King County, Washington's health department issued a formal health advisory to healthcare facilities and laboratories providing specific guidance on managing World Cup-associated patient presentations, a reflection of the scale of preparation underway in host cities.
For World Cup fans, the public health guidance is consistent across PAHO, CDC, and local health departments: drink water before, during, and after matches; alternate alcoholic drinks with non-alcoholic beverages; never leave alcohol-affected individuals alone in hot outdoor environments; arrange transportation in advance rather than driving after consuming alcohol; and know the location of the nearest cooling center or medical station in the venue or fan zone.
The 2018 FIFA World Cup in Moscow produced documented data on heat-related illness, alcohol-related presentations, and crowd-related injuries, and public health researchers have noted the 2026 edition's summer schedule in the United States represents a substantially higher heat risk than any prior World Cup. Preventing heat illness and alcohol-related emergencies starts with individual behavior, but it also depends on the kind of transparent, science-backed public health communication that Jetelina and the Health Security Operations Center are providing.
Frequently Asked Questions
Who is Dr. Katelyn Jetelina, and why is she warning about the World Cup?
Dr. Katelyn Jetelina is an epidemiologist and former senior adviser to the U.S. CDC and the author of the public health newsletter Your Local Epidemiologist. She is also active in the Health Security Operations Center at Georgetown University, which is monitoring public health data across World Cup host cities in real time. She specifically identified "crowds plus sun plus summer temperatures plus physical exertion plus alcohol" as the formula that reliably produces emergency room visits.
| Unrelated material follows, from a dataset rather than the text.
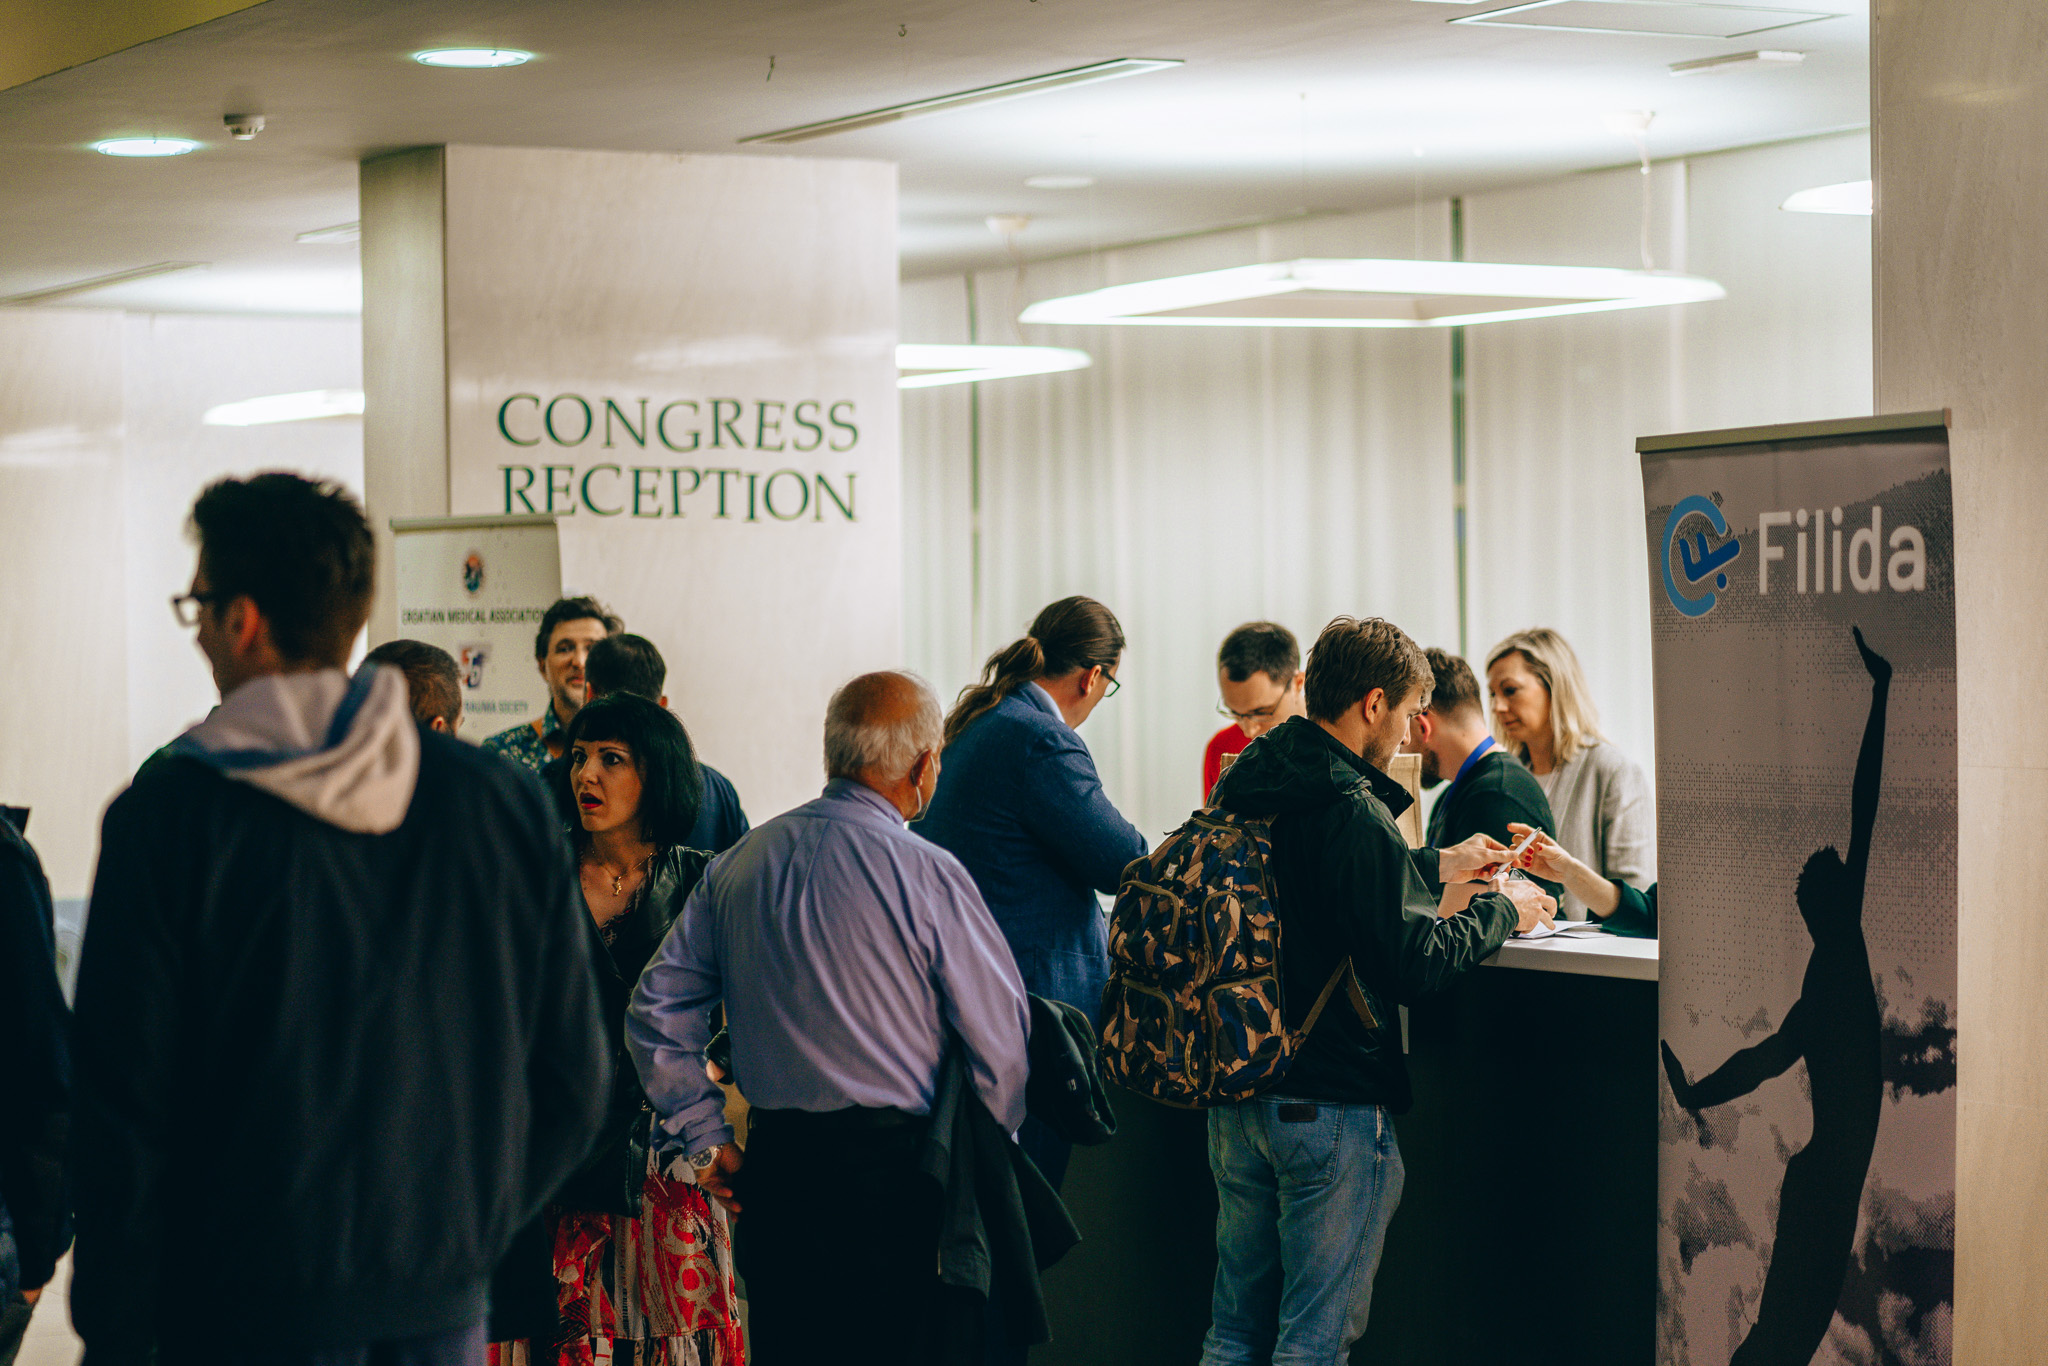 PHOTOS: Registration – 6th CTS Congress

What is the biggest non-infectious health risk at the 2026 World Cup?
Dr. Jetelina stated heat-related illness is "probably the most reliable risk" beyond infectious diseases. More than one-third of scheduled matches are being played under conditions described as dangerously hot, with several U.S. host cities — Houston, Miami, Dallas — regularly reaching heat indices above 100°F in June and July.
How does alcohol make heat-related illness worse?
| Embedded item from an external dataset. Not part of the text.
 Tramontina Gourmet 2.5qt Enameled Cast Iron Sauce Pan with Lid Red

Alcohol accelerates dehydration by increasing urination and sweating, dilates blood vessels in ways that cause faster fluid loss, suppresses the body's perception of heat stress, and impairs judgment about seeking shade and cooling. PAHO's June 8 guidance specifically warned that alcohol worsens dehydration and impairs judgment in high-temperature crowded settings.
Is drunk driving a documented risk around major sporting events?
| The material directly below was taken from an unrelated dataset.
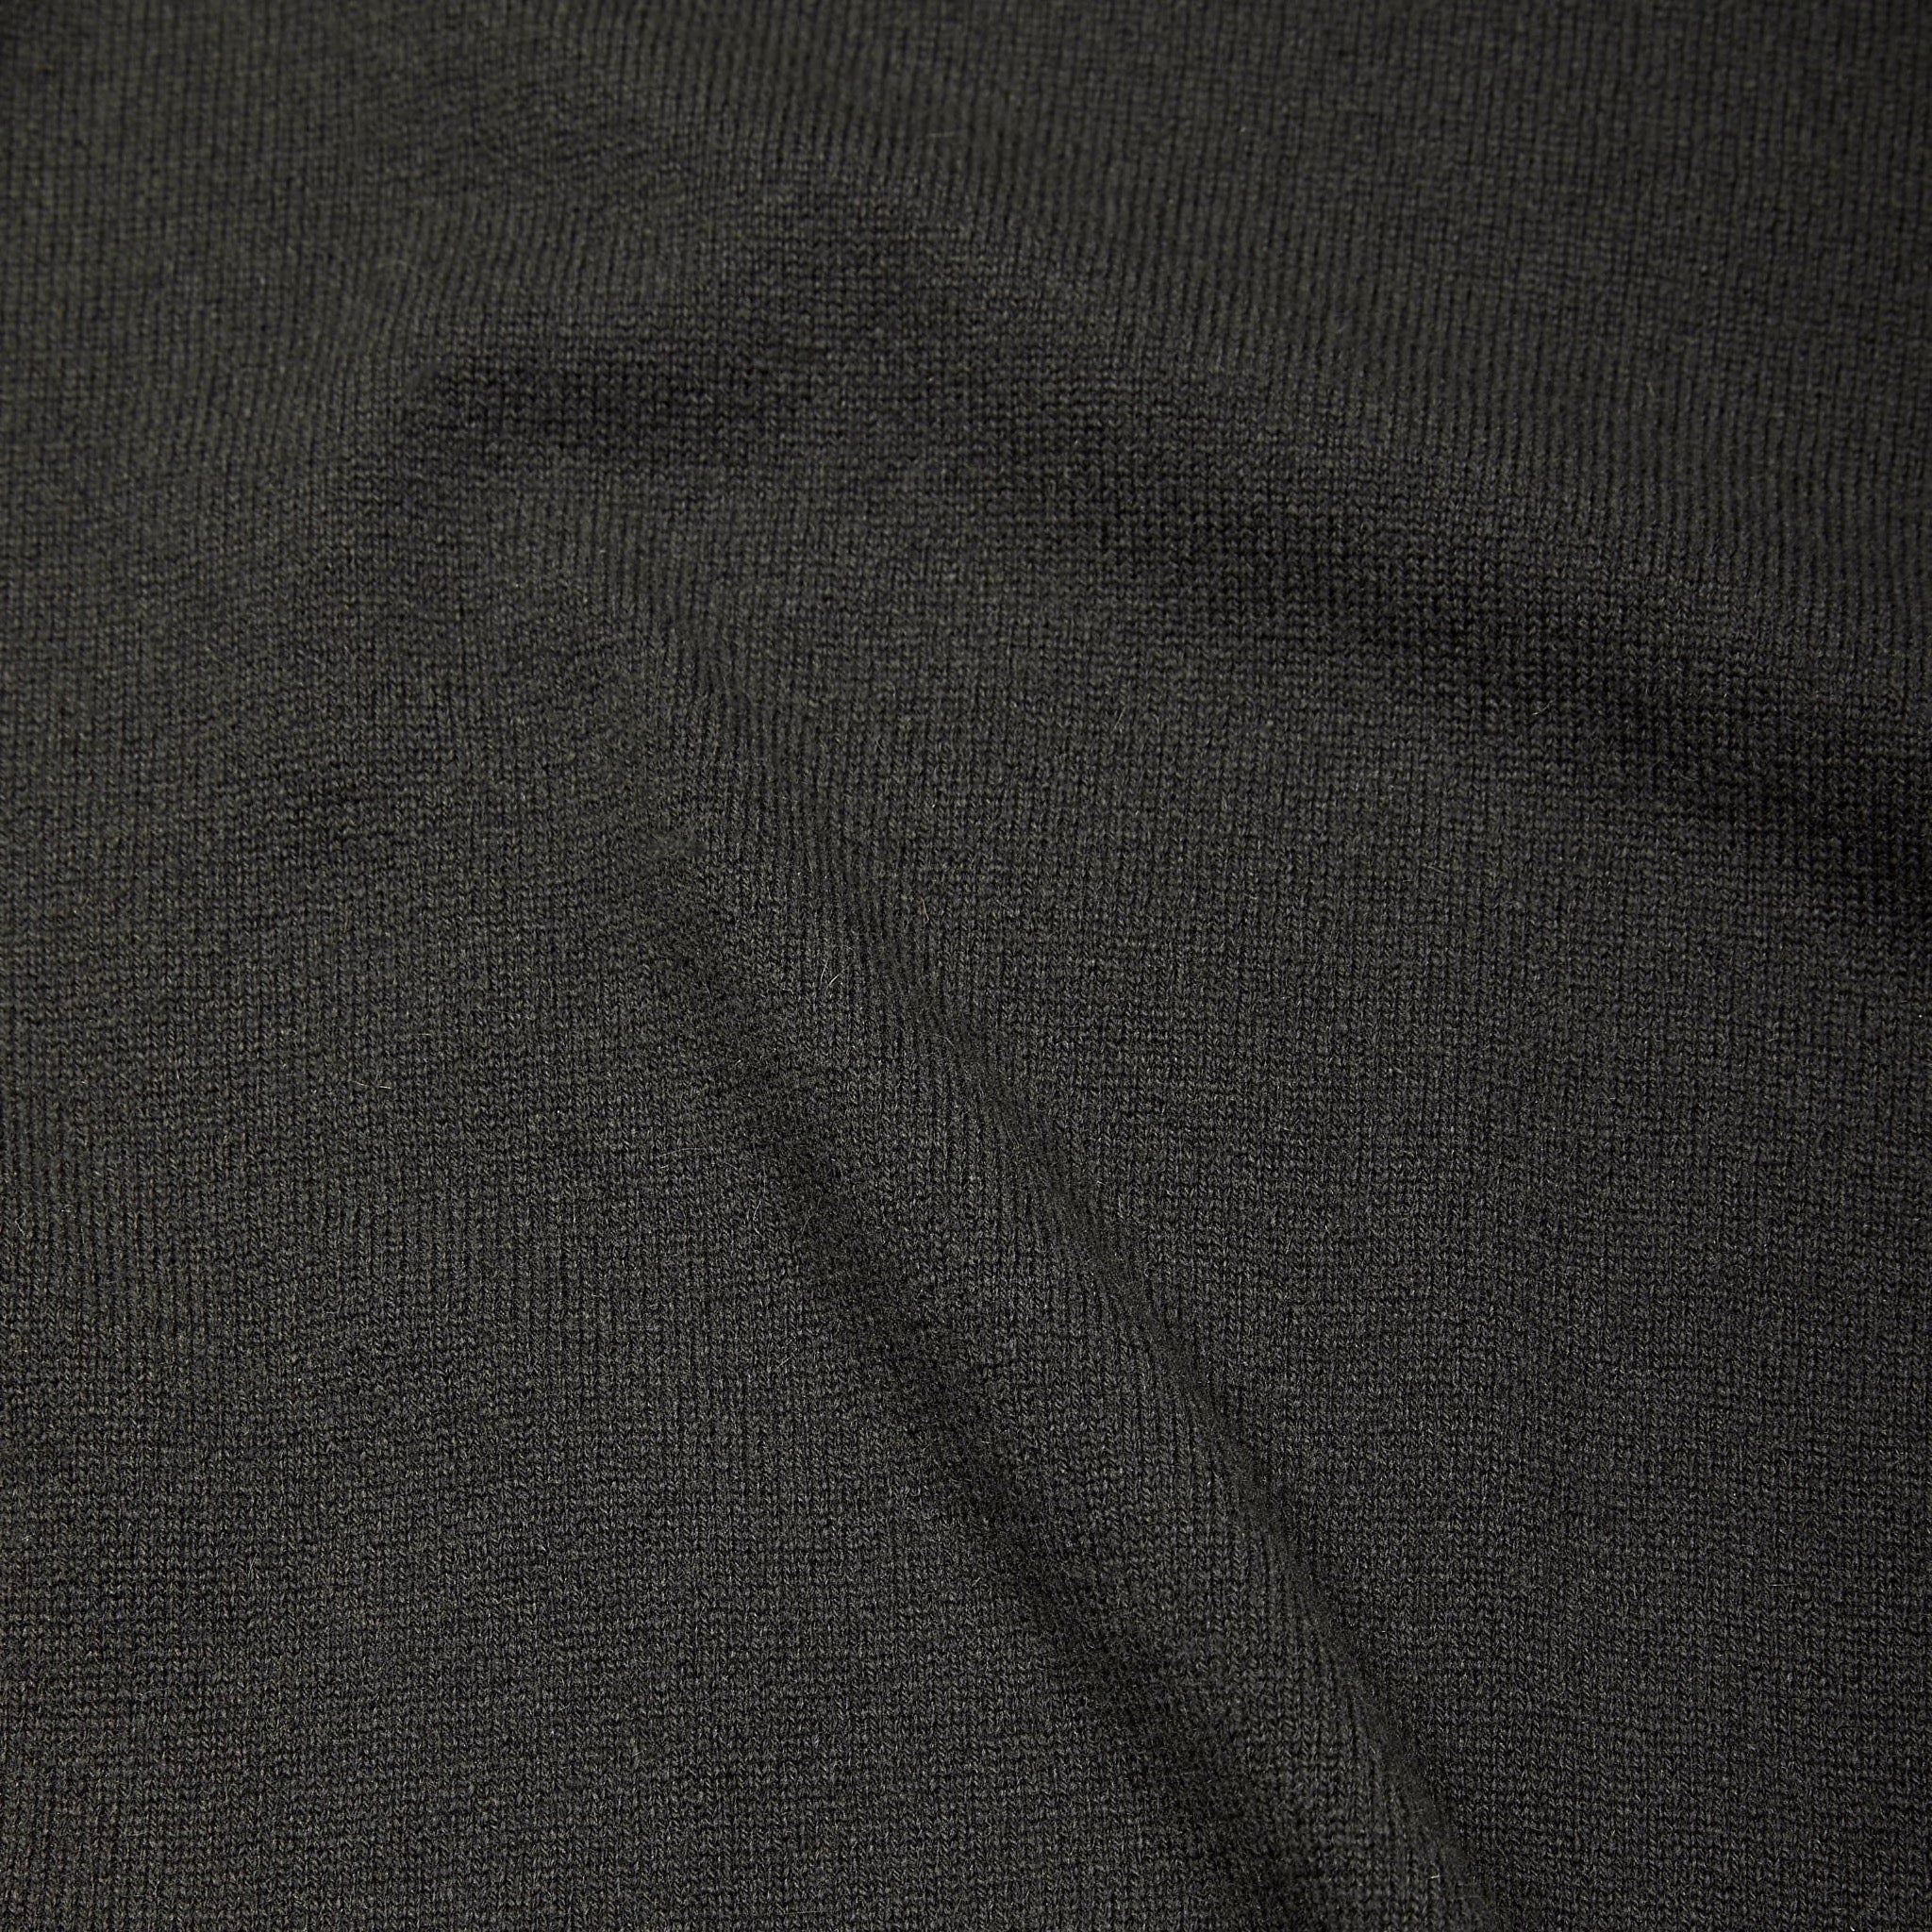 Cashmere polo shirt in dark olive

Yes. Research on NFL game days, NBA championships, and prior major sporting events consistently shows statistically significant increases in alcohol-related traffic crashes in host cities on event evenings. The World Cup's 39-day span creates a sustained rather than single-event risk window in 11 U.S. cities.
What are the safest practices for World Cup fans attending events in hot weather?
Drink water before, during, and after events; alternate alcoholic drinks with water or non-alcoholic beverages; never drive after drinking; arrange ride-share or public transit in advance; stay in shaded or air-conditioned areas during peak heat hours; know where the nearest medical station or cooling area is in the venue; and monitor companions, particularly older adults and those with underlying health conditions, for signs of heat exhaustion.